Das Jobwunder nicht abwürgen / Unternehmerverband warnt vor Abschaffung der sachgrundlosen Befristung / Vor allem Berufsanfänger und -rückkehrer profitieren / Betriebe wollen langfristige Bindungen knüpfen

(Duisburg) - Wasser predigen und selbst Wein trinken - diesen Vergleich zieht Wolfgang Schmitz, Hauptgeschäftsführer des Unternehmerverbandes, beim Thema "Sachgrundlose Befristung" heran. Diese einzuschränken, plant gerade die Große Koalition. "In der Metall- und Elektro-Industrie liegt der Anteil an befristeten Arbeitsverhältnissen bei gerade einmal vier Prozent. Im staatlichen Hochschul- und Wissenschaftsbereich ist hingegen fast jeder zweite Mitarbeiter befristet beschäftigt, im gesamten öffentlichen Dienst fast jeder zehnte." Hauptkritikpunkt des Arbeitgebervertreters ist also, dass die Große Koalition neue Bürokratie und Einschränkungen für die Wirtschaft erzeugt, ohne das Kernproblem - die hohe Befristungsquote im öffentlichen Dienst - anzugehen.

Abseits dieser Kritik erläutert Wolfgang Schmitz, warum die sachgrundlose Befristung nicht nur für Unternehmen, sondern auch die Arbeitnehmer Vorteile hat.

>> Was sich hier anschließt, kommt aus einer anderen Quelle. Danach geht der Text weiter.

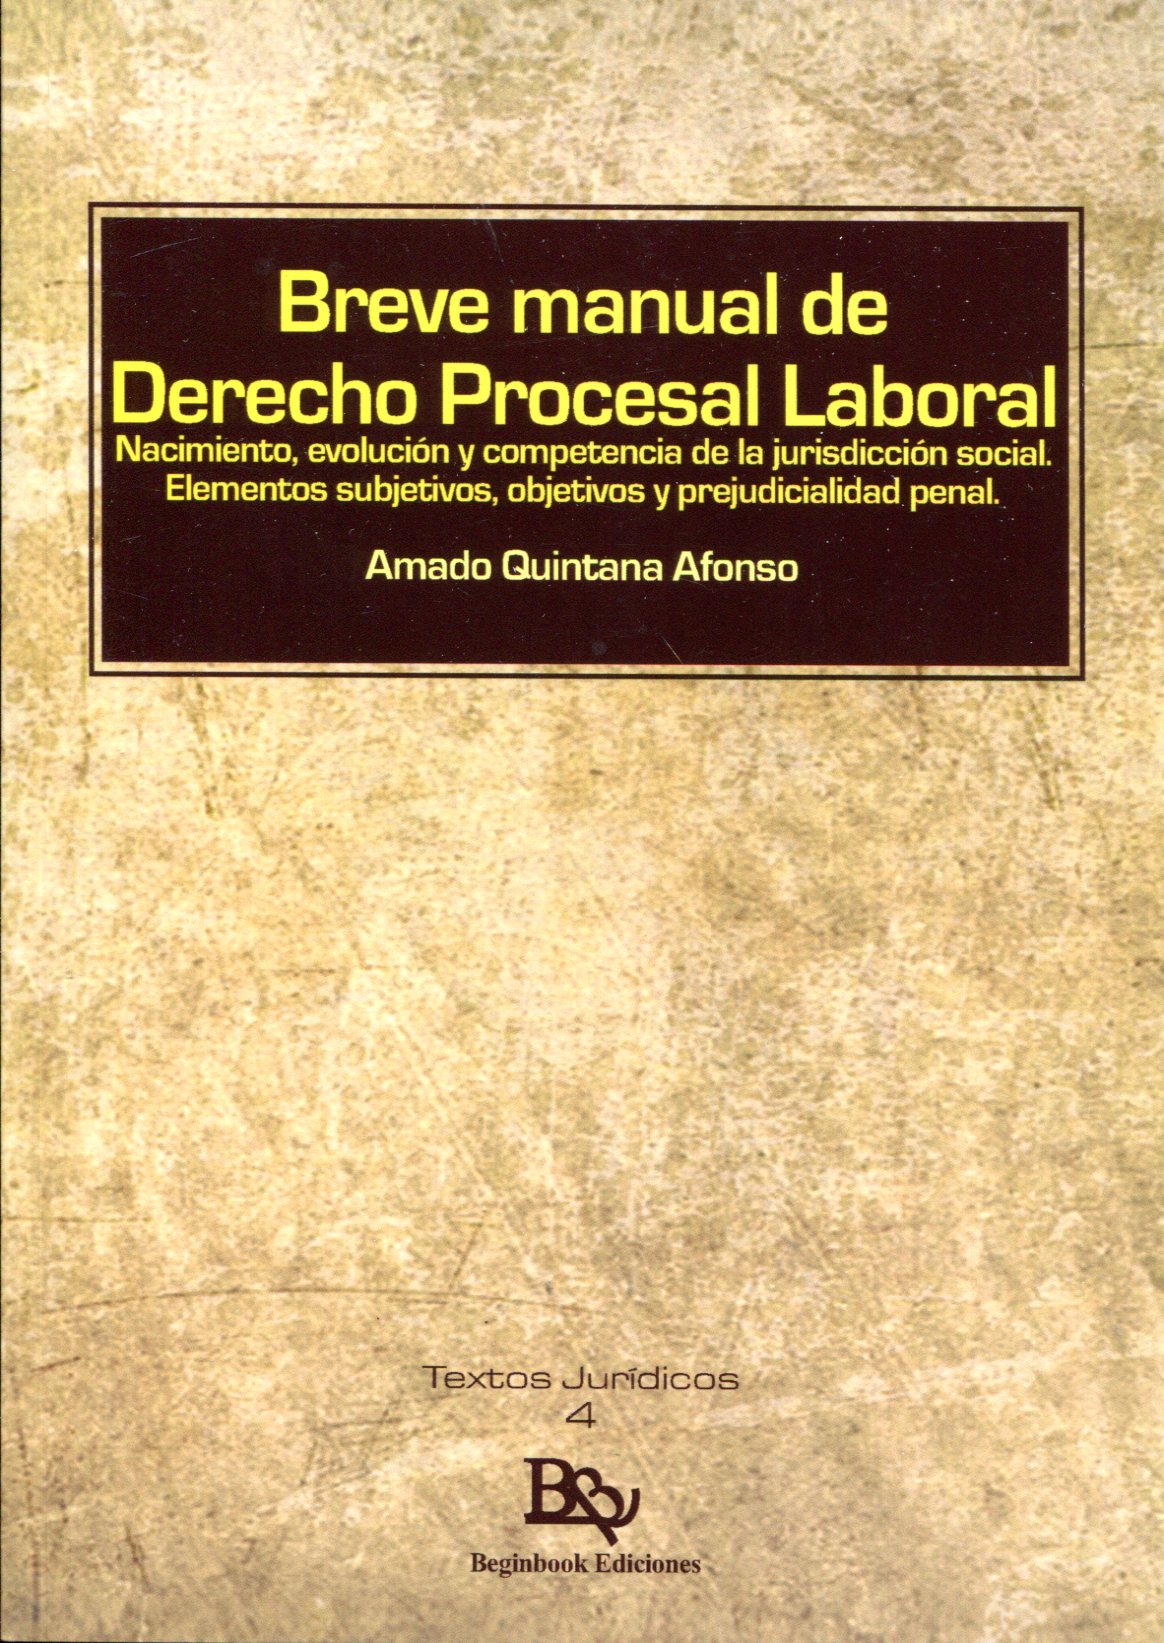 Breve manual de Derecho procesal laboral

"Sachgrundlose Befristungen in der Industrie weiter einzuschränken, geht schlichtweg an der Wirklichkeit der Unternehmen vorbei. Im derzeitigen Konjunkturabschwung bringt das die Unternehmen zudem völlig unnötig in Bedrängnis", so Schmitz. So seien flexible Beschäftigungsformen wichtig, um auch bei unsicherer Auftragslage noch Personal einzustellen. "Es geht also nicht um Hire`n`Fire, sondern um Flexibilität, um Auftragsspitzen und eben auch -dellen zu meistern." Zudem seien befristete Beschäftigungsverhältnisse ein probates Instrument, um andere Ansprüche der Arbeitnehmer erfüllen zu können. "Ich finde es gut, dass man sich heute Auszeiten nehmen kann - etwa um Angehörige zu pflegen oder in Elternzeit zu gehen. Die Arbeit im Betrieb muss aber trotzdem gemacht werden", verdeutlicht Schmitz.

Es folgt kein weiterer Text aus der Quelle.